* [Extracted material]:
☆ ☆ ☆ ☆ ☆ ☆ ☆

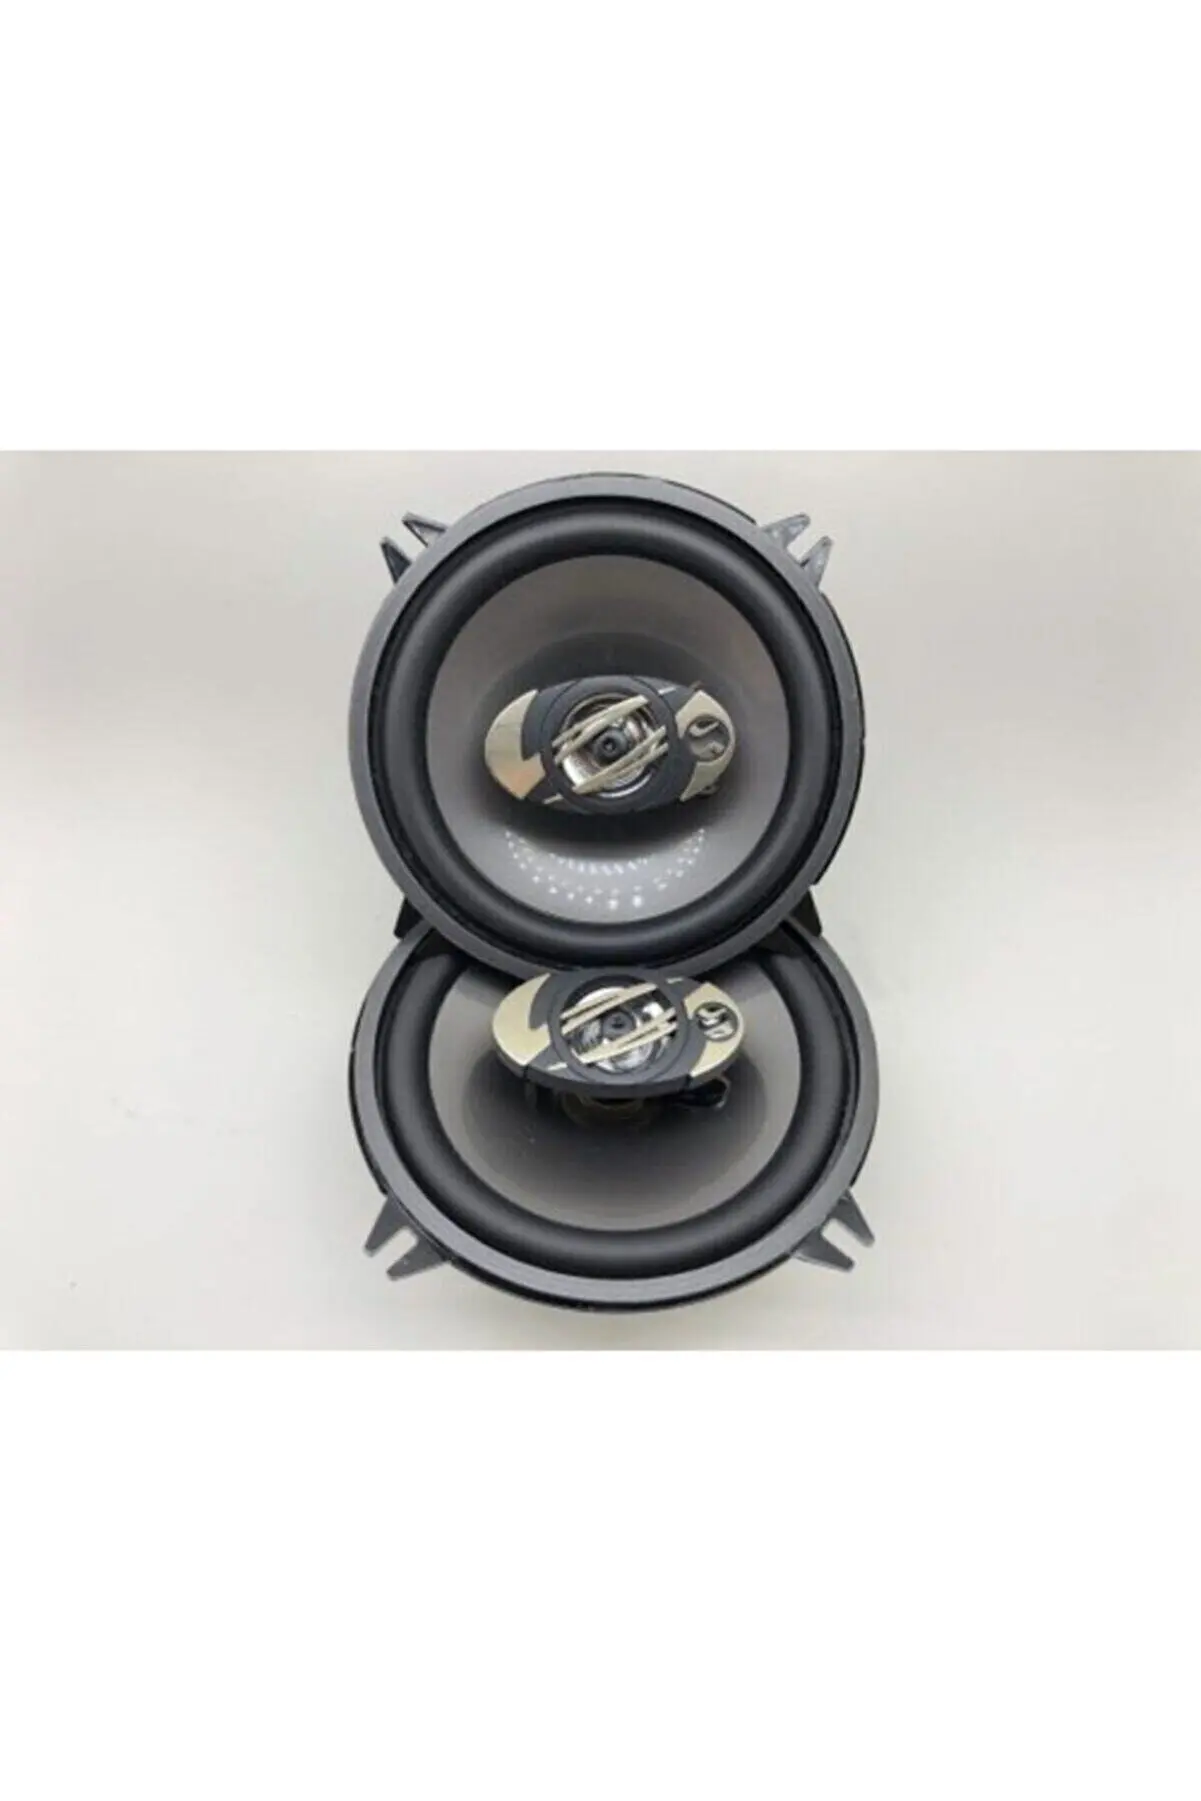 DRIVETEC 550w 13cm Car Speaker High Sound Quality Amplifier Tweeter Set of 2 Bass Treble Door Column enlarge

☆ ☆ ☆ ☆ ☆ ☆ ☆

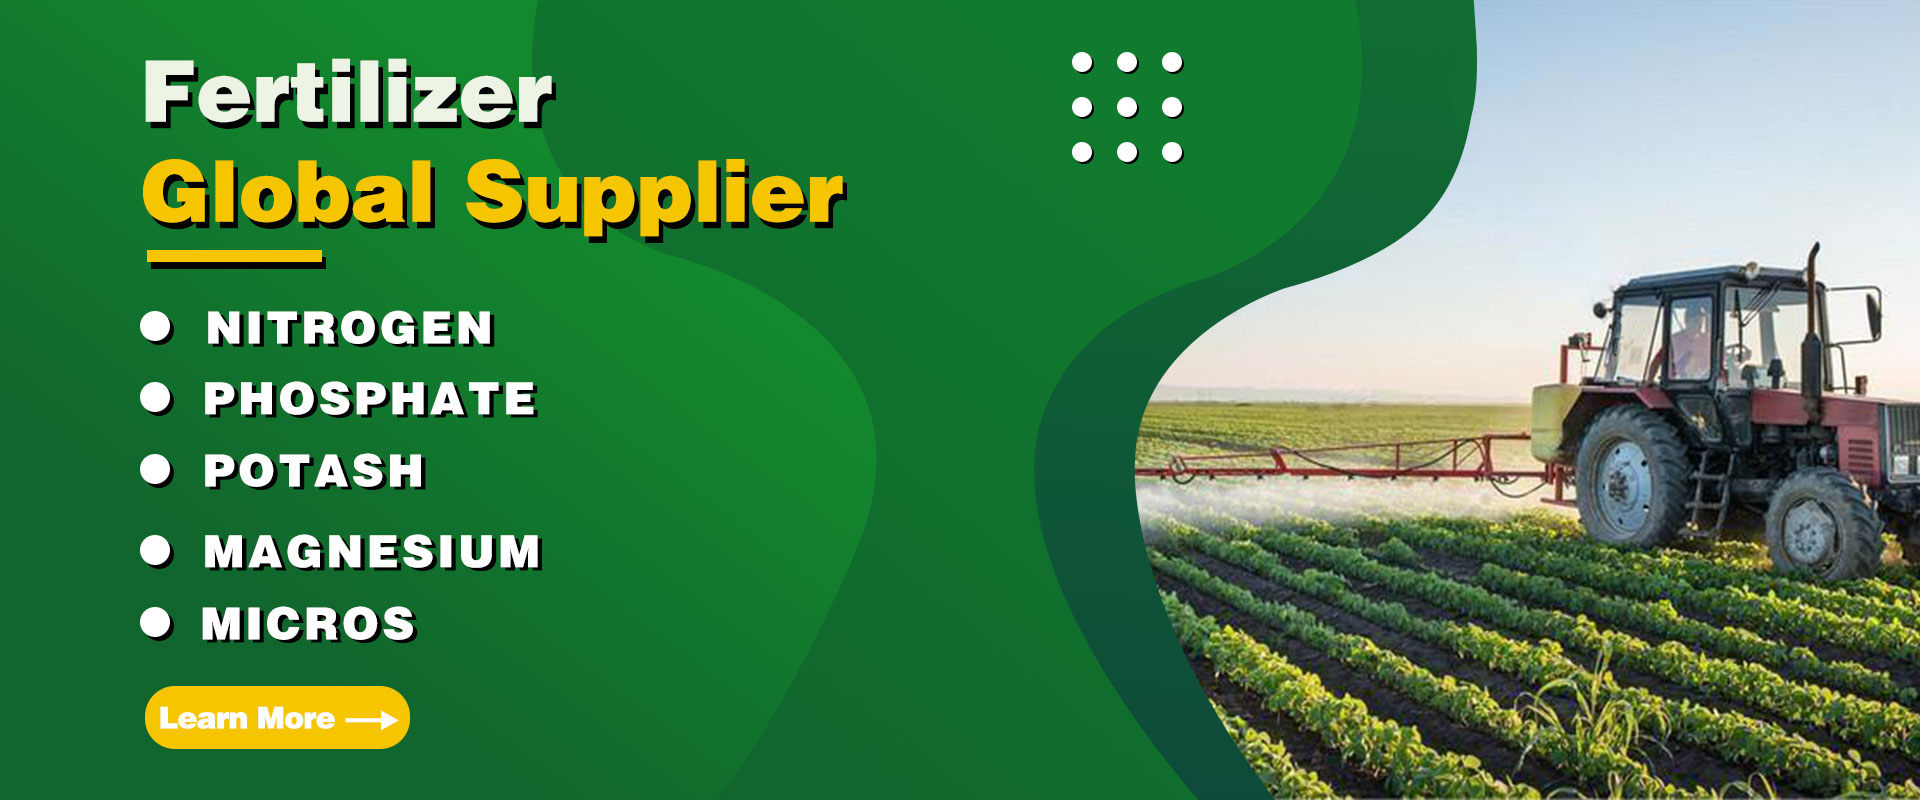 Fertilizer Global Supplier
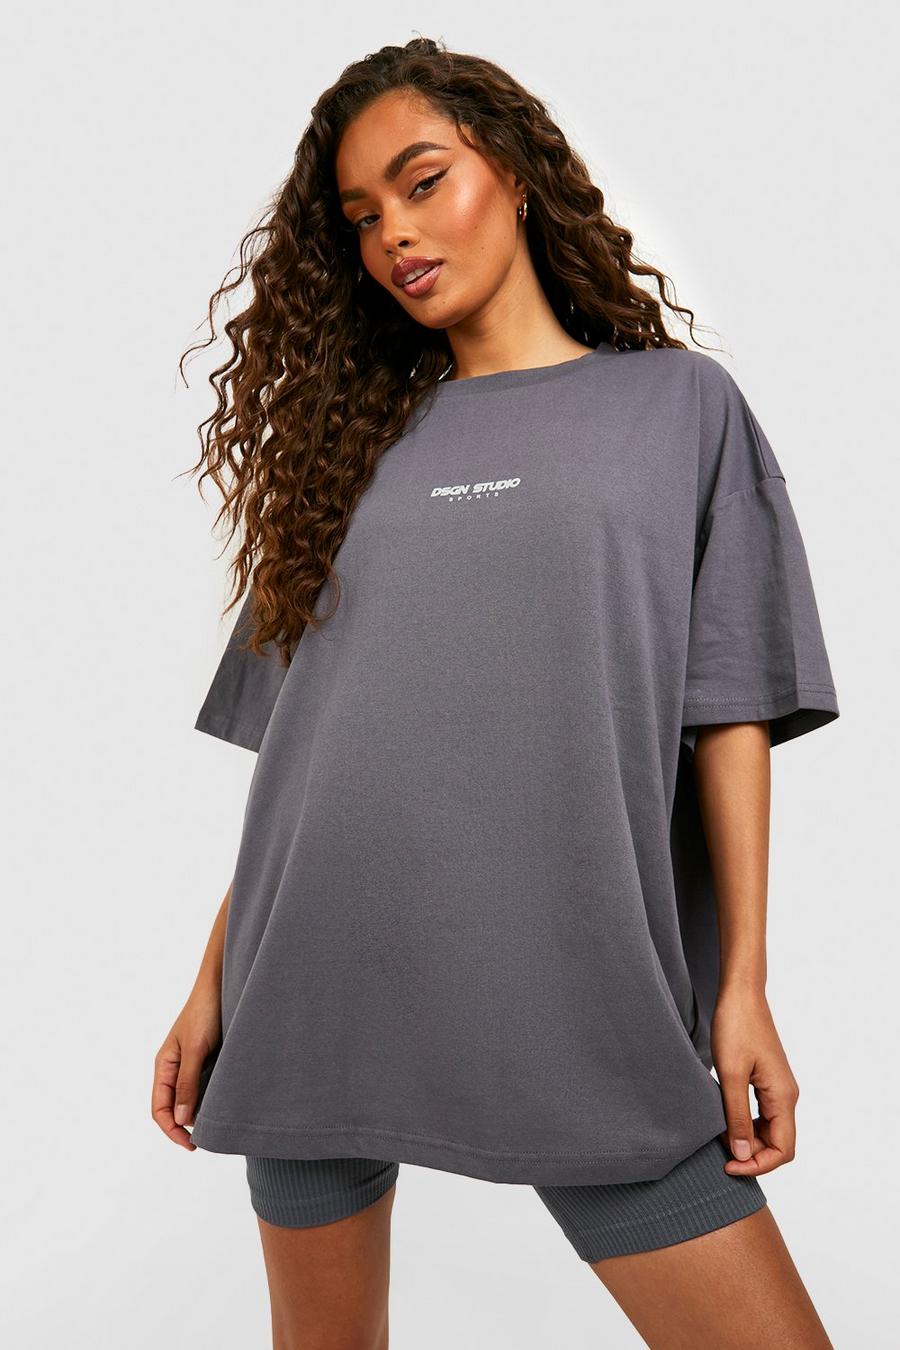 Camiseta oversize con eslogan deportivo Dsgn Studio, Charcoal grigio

☆ ☆ ☆ ☆ ☆ ☆ ☆

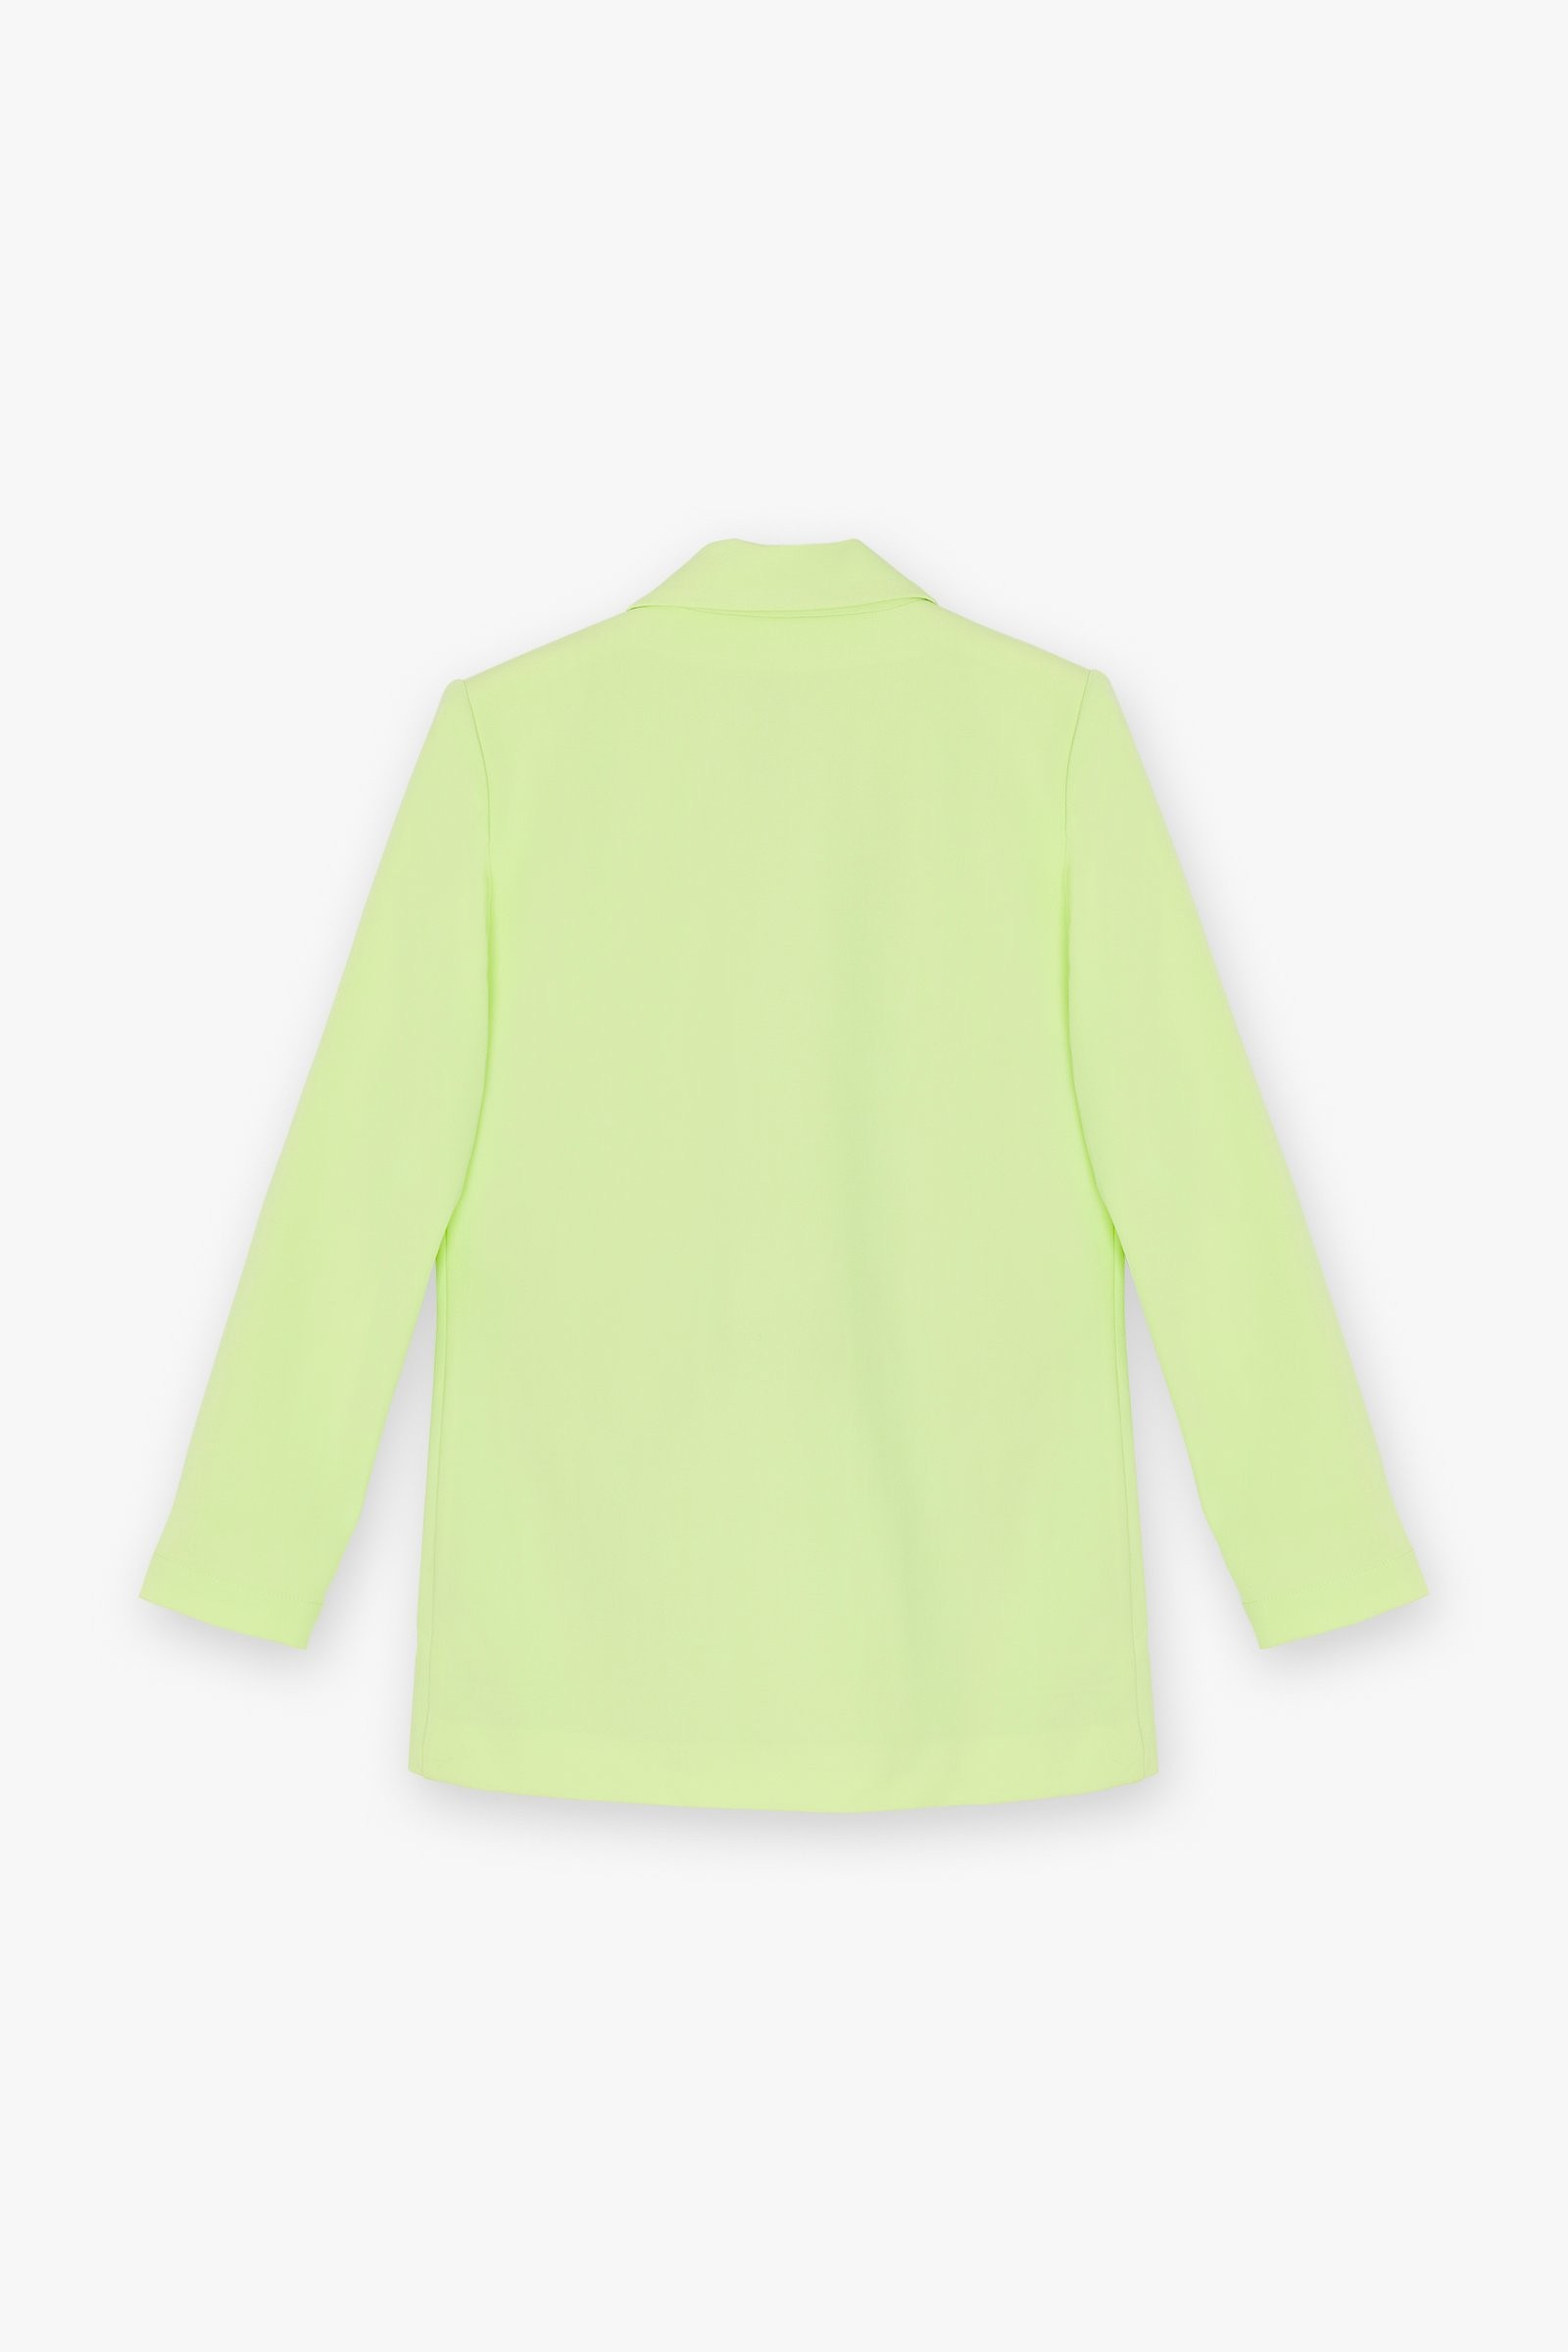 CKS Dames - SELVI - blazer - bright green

☆ ☆ ☆ ☆ ☆ ☆ ☆

* [Assignment]:
Output exactly those lines of the data above that run from the line with "Fertilizer Global Supplier" up to and including the line with "Camiseta oversize con". No pictures go in.

* [Response for this exercise]:
 Fertilizer Global Supplier
 Camiseta oversize con eslogan deportivo Dsgn Studio, Charcoal grigio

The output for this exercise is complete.